Take the canister filter off...end of story. It won't help in the long run.

Lastly, it looks like a fairly young tank and it is definitely a beauty! In a smaller tank like yours you could easily get away with not having a sump or mechanical filtration like a canister filter. The skimmer should be doing a fine job and there should be no need for any other type of filtration.

Good luck and keep doing water changes!!


----------



## y4zhuang (Oct 2, 2013)

I've never had over 10-20ppm of nitrates from just normal water changes. it doesn't look like you're overstocked either. the canister might be the first issue. I agree with everyone that the ammonia is most certainly from the flame's death. I agree with Alt that you should take the canister off.


----------



## Bayinaung (Feb 24, 2012)

nc208082 said:


> Couple things right away.
> You should have zero ammonia, nitrates are also fairly high these are two bad signs indicating your tank may be too new


First off, sorry to hear about your flame's death. It's a pretty fish.

I agree with nc. At 6 months there shouldn't be any ammonia nor nitrate as that's enough time to build necessary bacteria colonies and supporting eco system of critters. I'm not sure that your tank is mature enough at this time. I suggest buying a really grizzly slimy live rock from somewhere (just a few pounds will do) to help seed the tank. Many experienced reef aquarists use bottled bacteria culture to prime their tanks, even when they are adding live rock (ChingChai comes to mind immediately, amongst others). I did the same thing as well.

flame tip nem you have is pretty hardy, and a fairly domesticated nem used to living in tanks so I assume it will survive as long as you are able to bring your parameters back to good standing.

It's all part of this hobby. Everyone has to learn the hard way. hope it works out for you.


----------



## kwsjimmy (Jan 5, 2015)

*nems*

+1 on cleaning the canister filter, what do you run inside it? Ive seen bta do that with over dosing alk and raising ph too quickly as well. Try daily 10% water changes for a week to help with the water quality. I have a 20 gallon with a gigantea anemone, and 2 bta, and 3 clowns, but my filtration systems is over engineered to keep the water quality up. I would also suggest maybe looking at the salifert ammonia test kit much more accurate on the low range.
+1 on the everyone's suggestion on the light as well. You need to remember anemones use light yo create energy, if anything they are more demanding than corals can be.
My flame anemone is also more sensitive than my other 2


----------



## Steve1505 (Feb 24, 2015)

kwsjimmy said:


> +1 on cleaning the canister filter, what do you run inside it? Ive seen bta do that with over dosing alk and raising ph too quickly as well. Try daily 10% water changes for a week to help with the water quality.

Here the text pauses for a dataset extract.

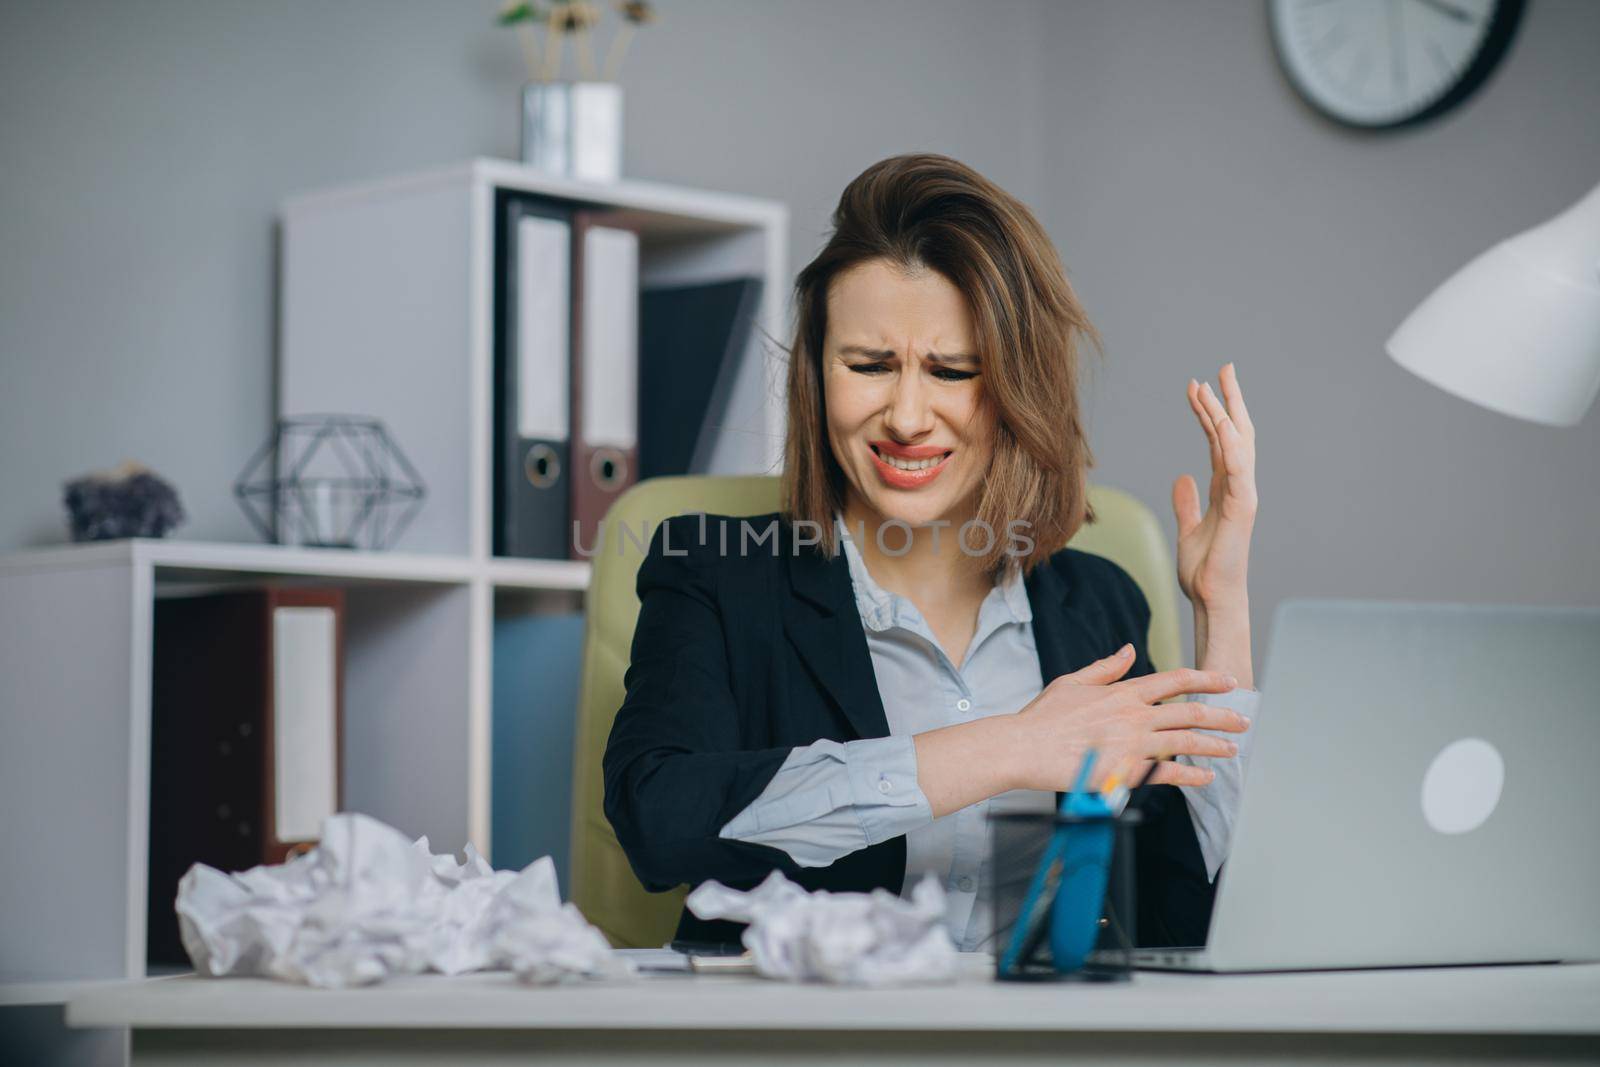 Stressed businesswoman annoyed using stuck laptop, angry woman mad about computer problem frustrated with data loss, online mistake, software error or system failure by uflypro

I have a 20 gallon with a gigantea anemone, and 2 bta, and 3 clowns, but my filtration systems is over engineered to keep the water quality up. I would also suggest maybe looking at the salifert ammonia test kit much more accurate on the low range.
> +1 on the everyone's suggestion on the light as well. You need to remember anemones use light yo create energy, if anything they are more demanding than corals can be.
> My flame anemone is also more sensitive than my other 2


I have a new light coming early next week

I currently run coarse sponge, seachem matrix, carbon, purigen&phosguard


----------



## kwsjimmy (Jan 5, 2015)

*humm*

If you plan to keep the can filter I would suggest removing the coarse sponge and replace it with filter floss that you might chage every other day. The problem with filter canisters , the flow seams like it's too much for what you are running. The purigen and phosguard are both low flow to be the most effective. Look into filtration flow and effectiveness. If the water flows too quickly it doesn't get filtered properly. I run purigen on a reactor, and I've looked at high and low flow , using ORP readings, a moderate to slow flow works the best with purigen.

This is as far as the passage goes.